USA Niagara Development Corp., the local arm of Empire State Development, paid more than $15 million to buy the parcels from Tuscarora businessman Joseph M. Anderson, who runs the Smokin Joes Trading Post gasoline outlets.

As a result, the state now has 9.5 acres to sell, from open land to parcels with buildings that range from a defunct hotel to a former Niagara Mohawk office building. The other plots on the state’s new for-sale list include a former call center, Anderson’s 4-acre, year-round snow park and several restaurant-nightclub buildings. Development of those properties could help to lift the entire, long struggling city.

The Falls had been on a steady decline, dating back to the 1970s and urban renewal, when whole city blocks were demolished. Some new infrastructure was built but much of it was questionable, both in design and quality.

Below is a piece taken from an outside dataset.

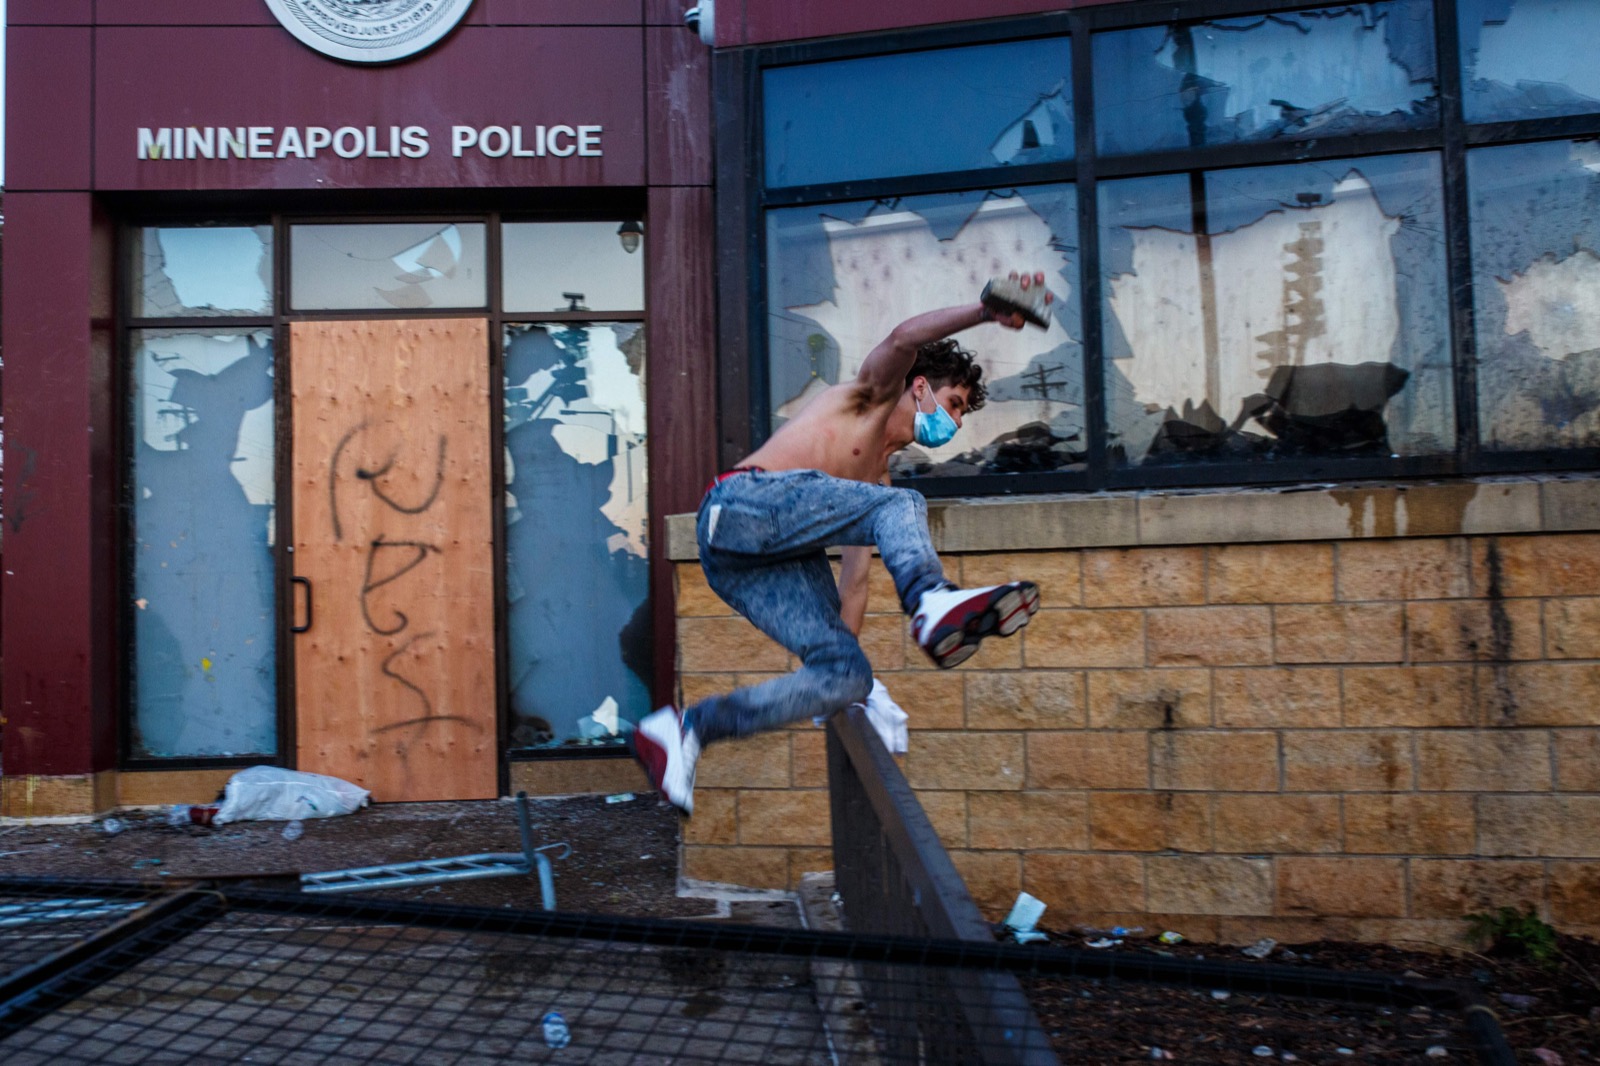 Người biểu tình cầm gạch đá xông vào bên trong sở cảnh sát số 3 Minneapolis. Ảnh: KEREM YUCEL/AFP via Getty Images

Some historic vaudeville theaters saw the wrecking ball, but mostly mixed-use buildings fell, with nothing to replace them. From this core, many vacant and underused properties emerged, bringing urban blight as its partner.

At the same time, the city felt the smothering influence of the Robert Moses Parkway choking off downtown from the river, along with the effects of the great suburban sprawl, as traditional department stores vacated along with their clients. It was as Mayor Paul A. Dyster said, the perfect storm that left a large number of vacant properties, particularly on Third and Main streets.

The future looked grim, except perhaps to speculators who got wind of cheap commercial properties assessed well below market rate, lowering the cost to hold them. It brings to mind the largest landowner in downtown Niagara Falls whose company, Niagara Falls Redevelopment, is controlled by New York City businessman Howard Milstein.

NFR holdings, held under the name of five different corporations, total 450 properties, some vacant but some with structures, including the “Turtle” building and the Nabisco plant warehouse and silos. Company officials have, through the years, challenged the assessments on those properties.

Remember when Dyster and Sen. Charles E. Schumer met with Milstein back in January 2010 hoping for development of the parcels? Dyster, who had taken office a couple of years earlier, held high hopes. He is now in his third term and not planning on running for re-election in the fall – and the NFR properties remain relatively unchanged. They remain a difficult and unmet challenge.

But over the years, the city worked around the edges: The casino is on the western face, now the Niagara Lofts development on the eastern side. Improvements have appeared on the city’s south side and developers have even ventured in to remake historic structures, such as the Giacomo by Ellicott Development.

The former Robert Moses Parkway is now known as the Niagara Scenic Parkway and after removal of one portion and the planned removal of others, developers can see opportunity. The state’s purchase of the new properties offers an opportunity for more development.

It won’t happen overnight but the move stands to create another wave of development, playing off important public investments in the parks and parkway removal. As Dyster observed, it sets the trajectory for the next 10 years. With luck and foresight, the city may even come to resemble what visitors might expect from one the world’s best-known names in tourism.